Due date: 10/30/18 by 10 am
Write a function,
fasta_to_csv(input_file, output_file), that converts a fasta file, such as c_elegans_mirnas.fa to a comma separated file (csv) using regular expressions.
The function should exit gracefully if the files can't be opened.
Input File >cel-let-7 TGAGGTAGTAGGTTGTATAGTT >cel-lin-4 TCCCTGAGACCTCAAGTGTGA >cel-miR-1 TGGAATGTAAAGAAGTATGTA
Output File cel-let-7,TGAGGTAGTAGGTTGTATAGTT cel-lin-4,TCCCTGAGACCTCAAGTGTGA cel-miR-1,TGGAATGTAAAGAAGTATGTA
Write a function
motif_finder(input_file, motif), that returns the number of times a sequence motif occurs in a sequence file, such as c_elegans_chrI.fa (note that the sequence is lowercase).

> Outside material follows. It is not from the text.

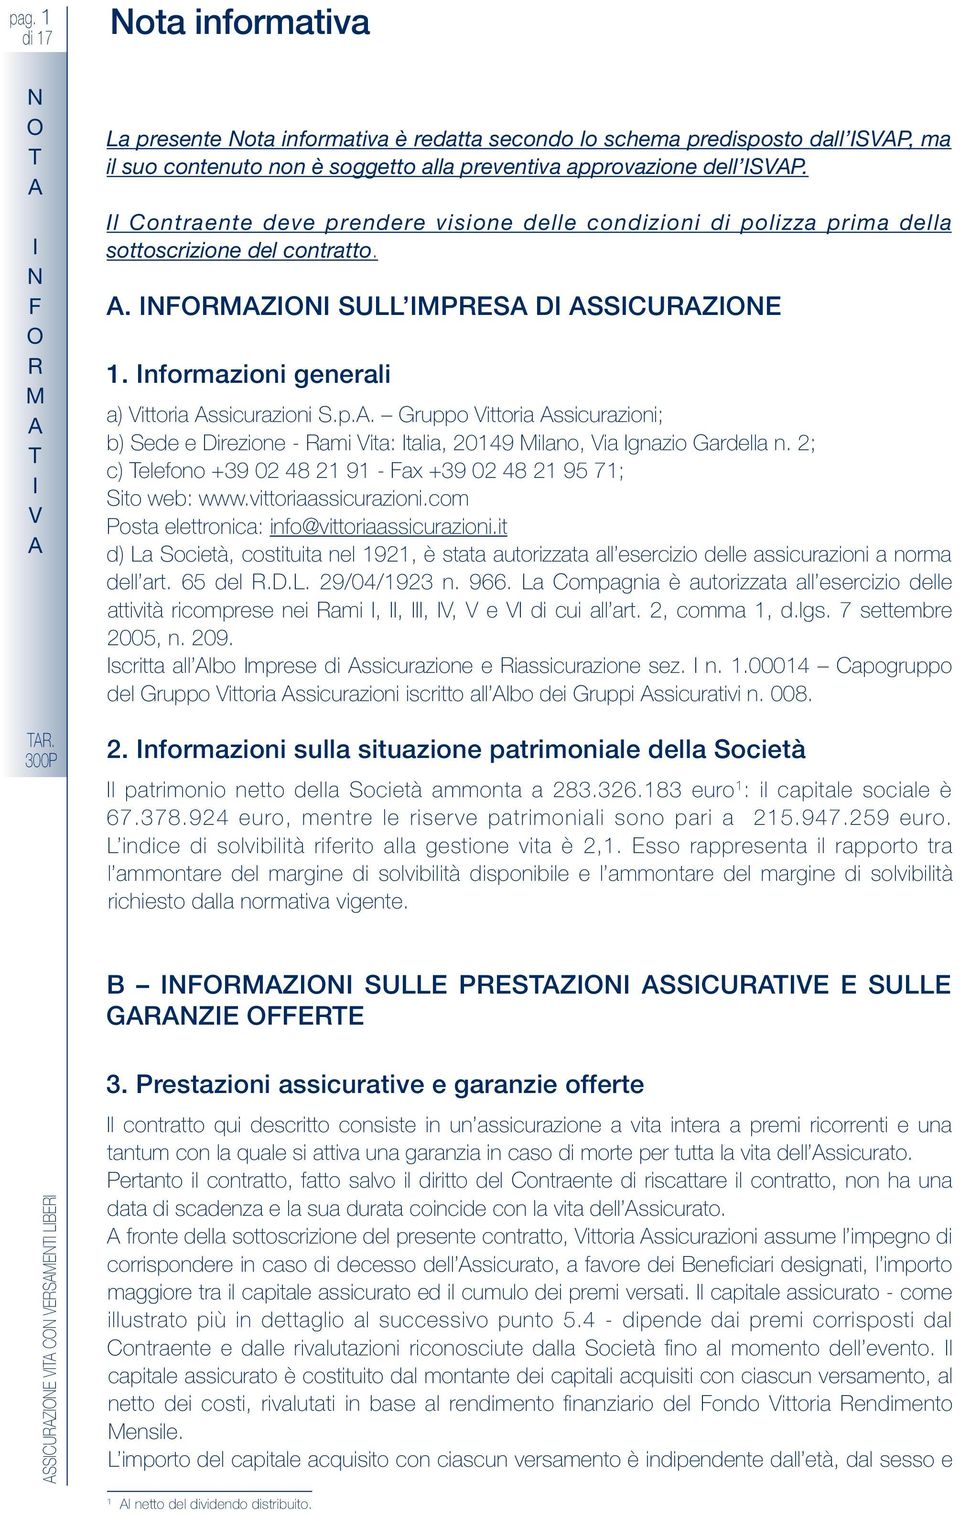 2; c) elefono +39 02 48 21 91 - ax +39 02 48 21 95 71; Sito web: www.vittoriaassicurazioni.com Posta elettronica: info@vittoriaassicurazioni.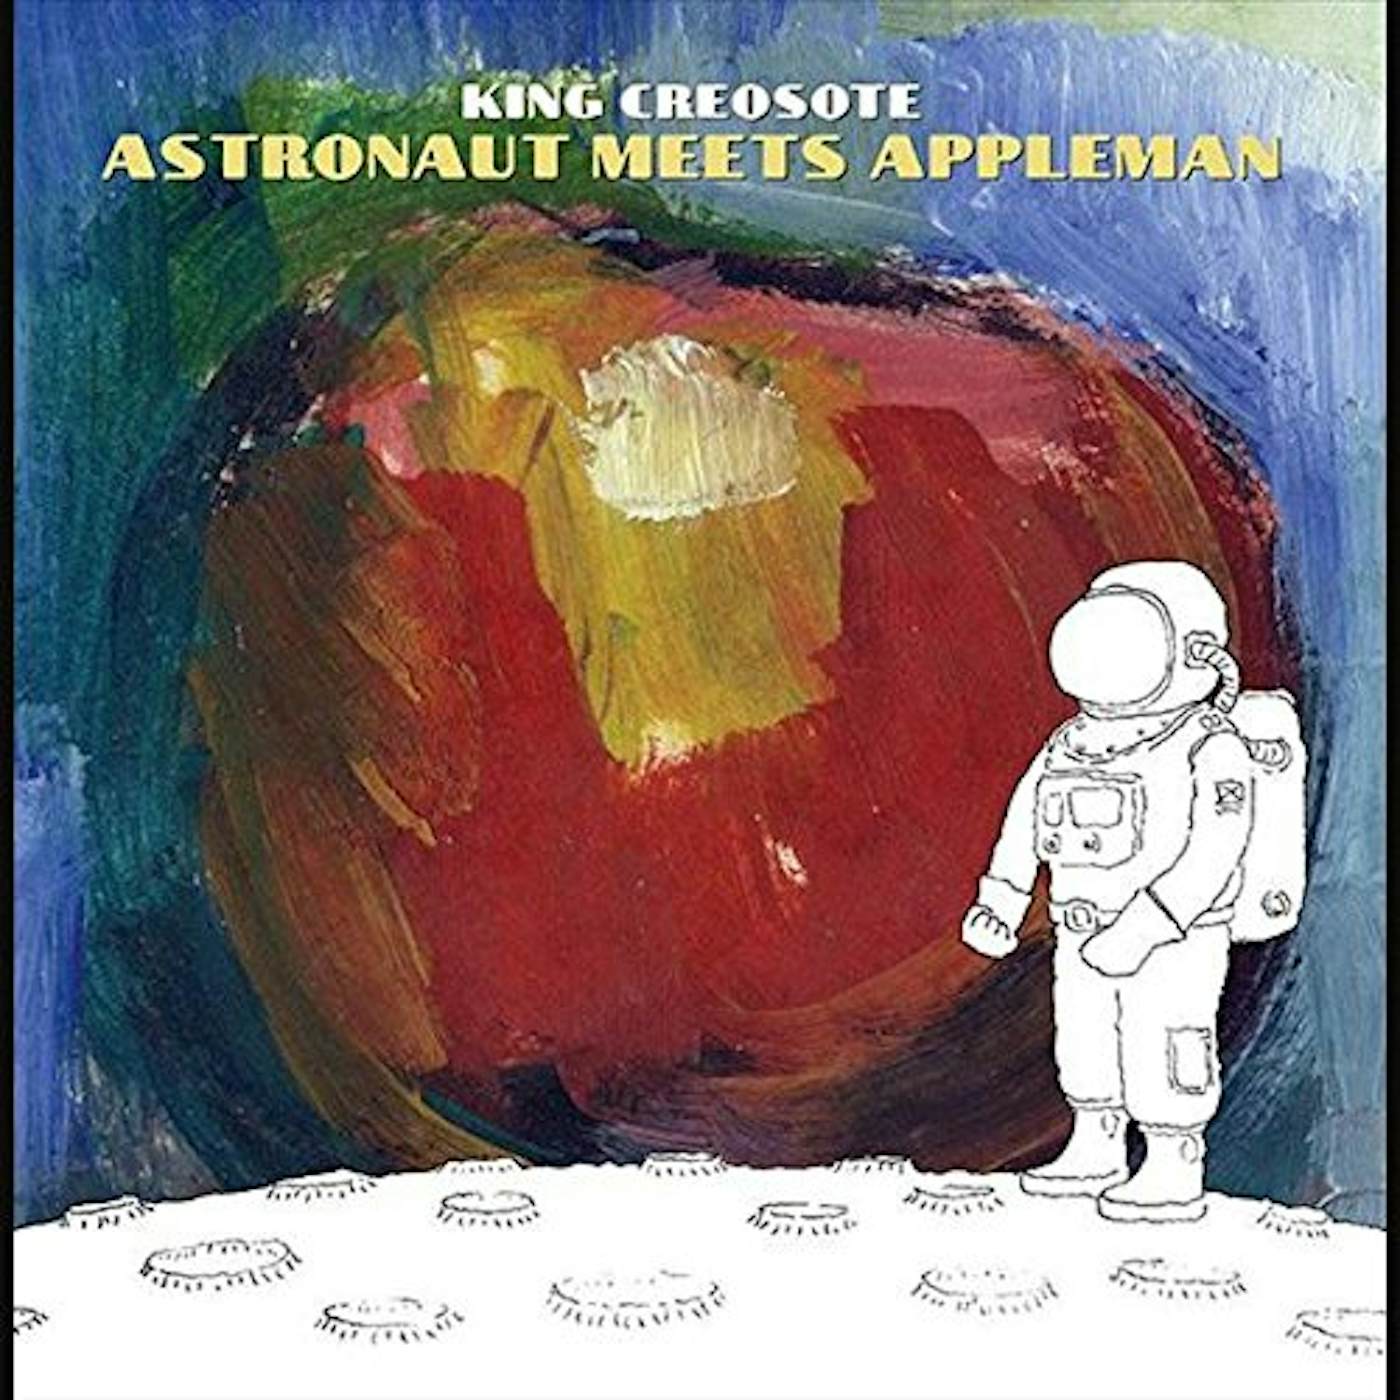 King Creosote ASTRONUAT MEETS APPLEMAN: SPECIAL EDITION Vinyl Record

The function should have the following attributes:
1) The function should allow for any number of Ns (where N is a wild card that can be any nucleotide - A, C, G, T) specified by the user to be present in the motif (e.g. TGANNNTCA). The user should specify the exact sequence, which may contain Ns, but the user should indicate how many Ns there are and where they occur within the sequence. Some possible motifs: TTTTCNGA, NATAAA, NATNAA.
2) The function should exit gracefully if the file can't be opened.
3) The function should count motifs that span multiple lines.
Submit your assignment as a file upload on canvas.